I hesitated for a really long time before putting The Librarian of Auschwitz by Antonio Iturbe, translated by Lilit Thwaites (Henry Holt, 2017) on my TBR. Books about the Holocaust are increasingly difficult for me to read; reading isn’t exactly easy right now anyway; and reading a difficult subject right now? Oof. But this was on my list, it was in at the library, and I decided to finally take the plunge. This book is historical fiction based on a real-life story, and these stories deserve to be told and read.
The Librarian of Auschwitz is told by multiple narrators, but its main focus is Dita Kraus, a young teenager who survived the ghetto of Theresienstadt, only to be sent to Auschwitz and, later on, Bergen-Belsen. In Auschwitz, she worked to protect and distribute the eight illegal books prisoners had managed to smuggle in, handing them out to teachers in the family camp’s secret school, repairing them when necessary, getting lost in the pages of several of the books as an escape from the brutal conditions around her.

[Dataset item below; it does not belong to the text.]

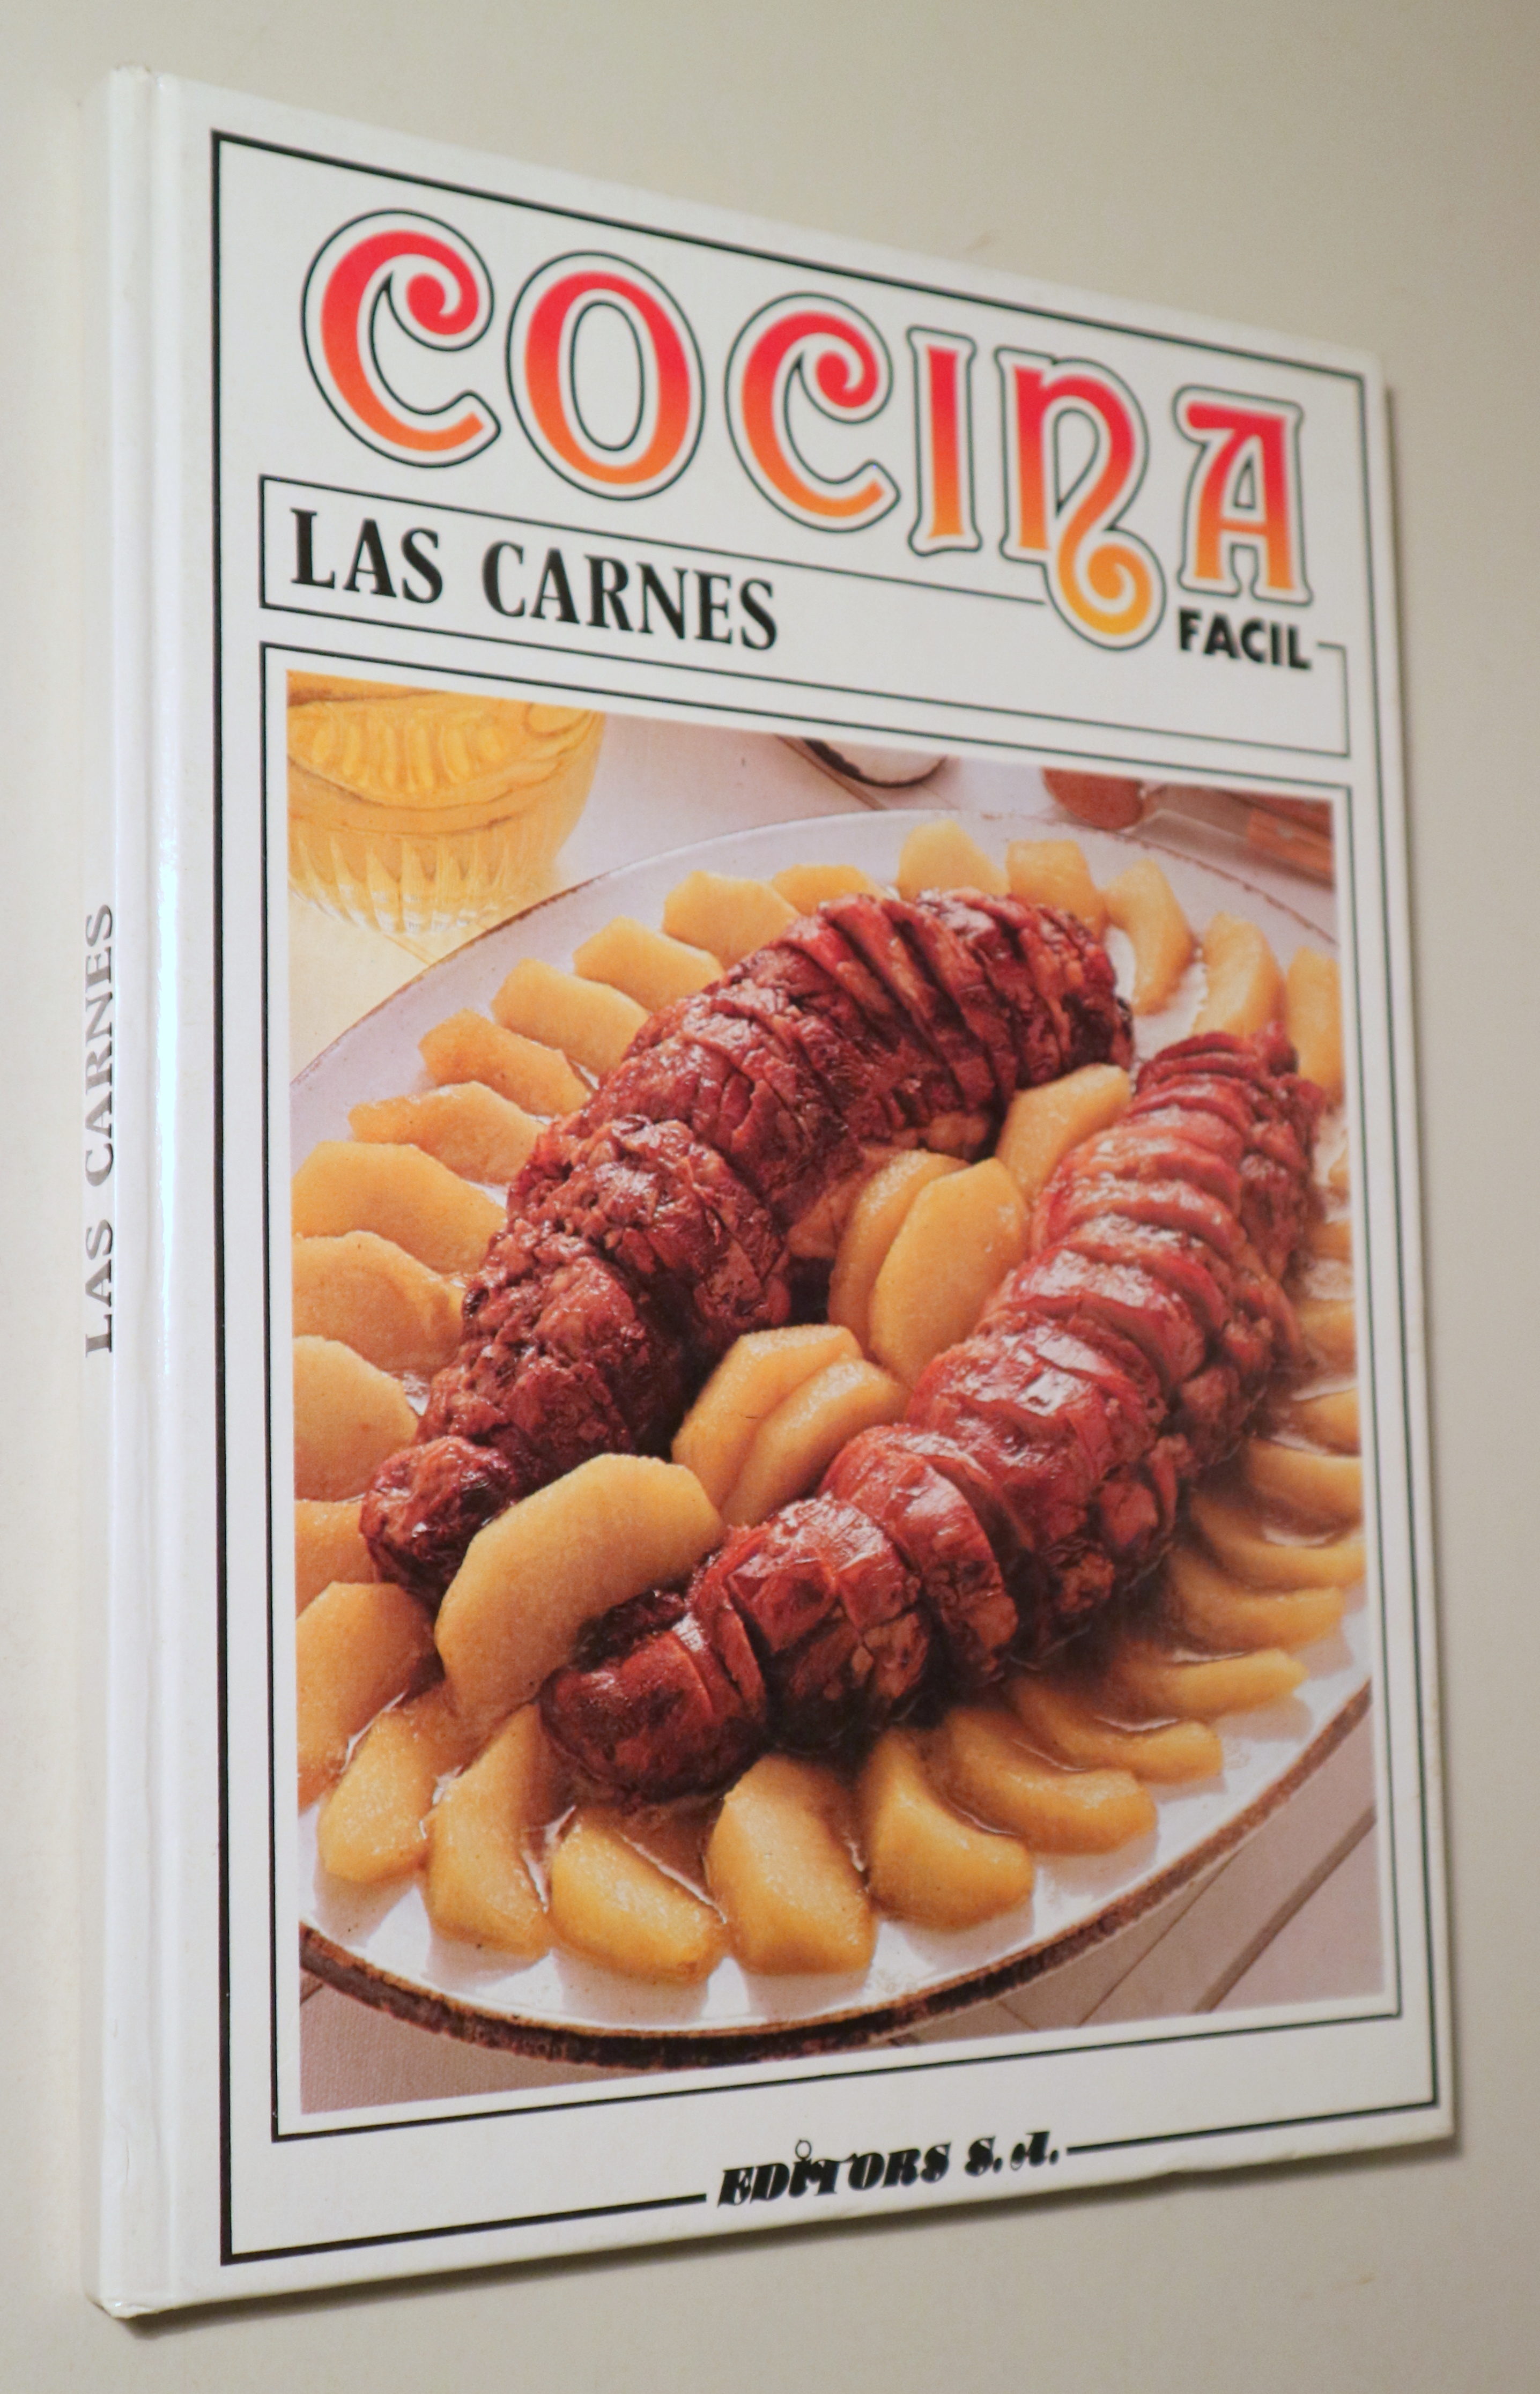 COCINA FÁCIL. Las carnes - Barcelona 1985 - Ilustrado

Surviving each day is a miracle in and of itself, and Dita and her fellow prisoners struggle against impossible odds, watching their friends, family, and neighbors disappear in clouds of ash that flutter down upon the survivors like a devastating snow. The books keep the children learning, they give Dita a sense of purpose and a reason to go on, as the world descends further and further into madness. Fear, hunger, and devastation rule, but Dita carries on, her courage and determination a stark reminder of what it takes to retain our humanity even as the forces of evil remain desperate to choke it out of us.

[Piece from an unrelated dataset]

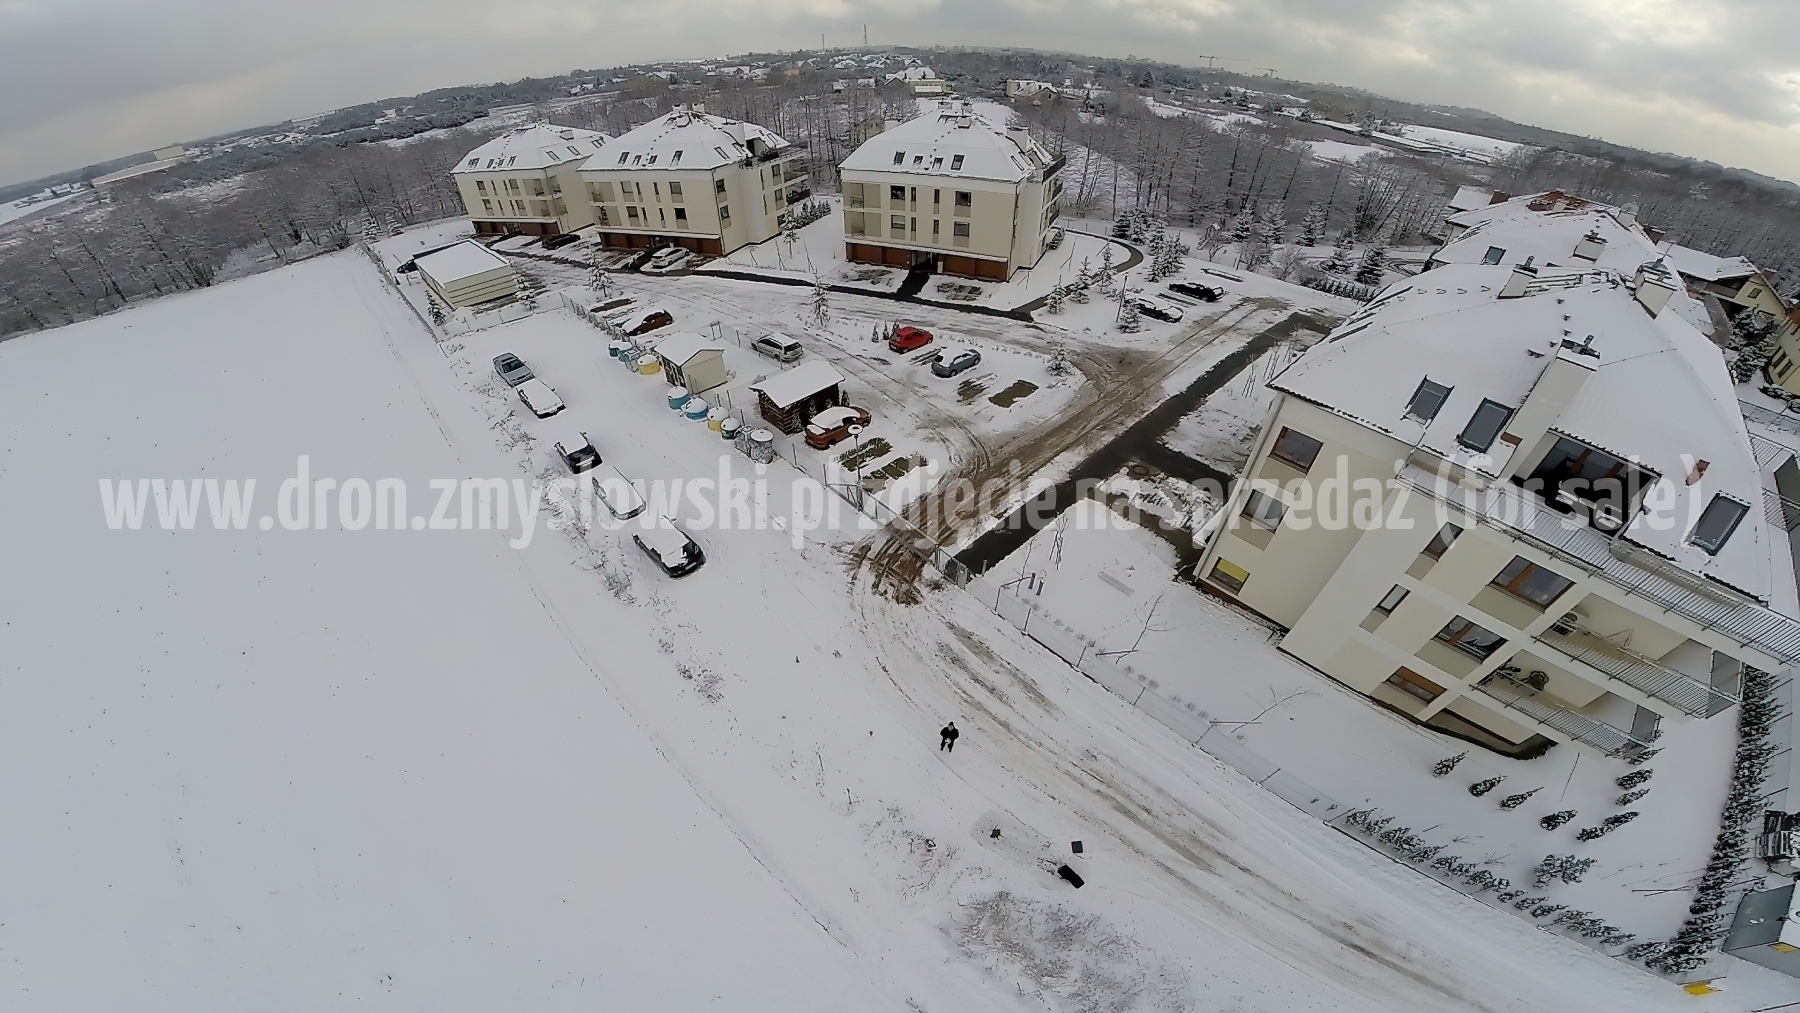 2015-02-04-dron-w-Niemczu-na-ul-Elizy-Orzeszkowej-zima-013-gigapixel-standard-width-3840px-SharpenAI-Standard

What a devastating, heartbreaking book. There’s triumph as well, but at such terrible cost. It pained me to read this, to read how casually human life was treated, how easily it was thrown away, especially in light of everything going on in the world today. We’re still ready to throw people away, just in different ways (…mostly…). There’s a scene where, after a selection, ash rains down on the survivors, who recognize that their friends and family who were murdered by the Nazi soldiers will remain forever in Auschwitz, and…It’s a hard read. This whole book is a hard read.
But it’s necessary, and this is a book I recommend picking up when you’re able to handle it. We’re losing Holocaust survivors every day, and soon there won’t be any first-generation survivors left to tell their stories. Even fictional stories that recount the manmade horrors and suffering are important.
The Librarian of Auschwitz is a story of devastation and courage, and it will gut you if you let it- and you should. Only by reading these stories and understanding the devastation of hatred will we be able to recognize its presence in our own times and fight to end it.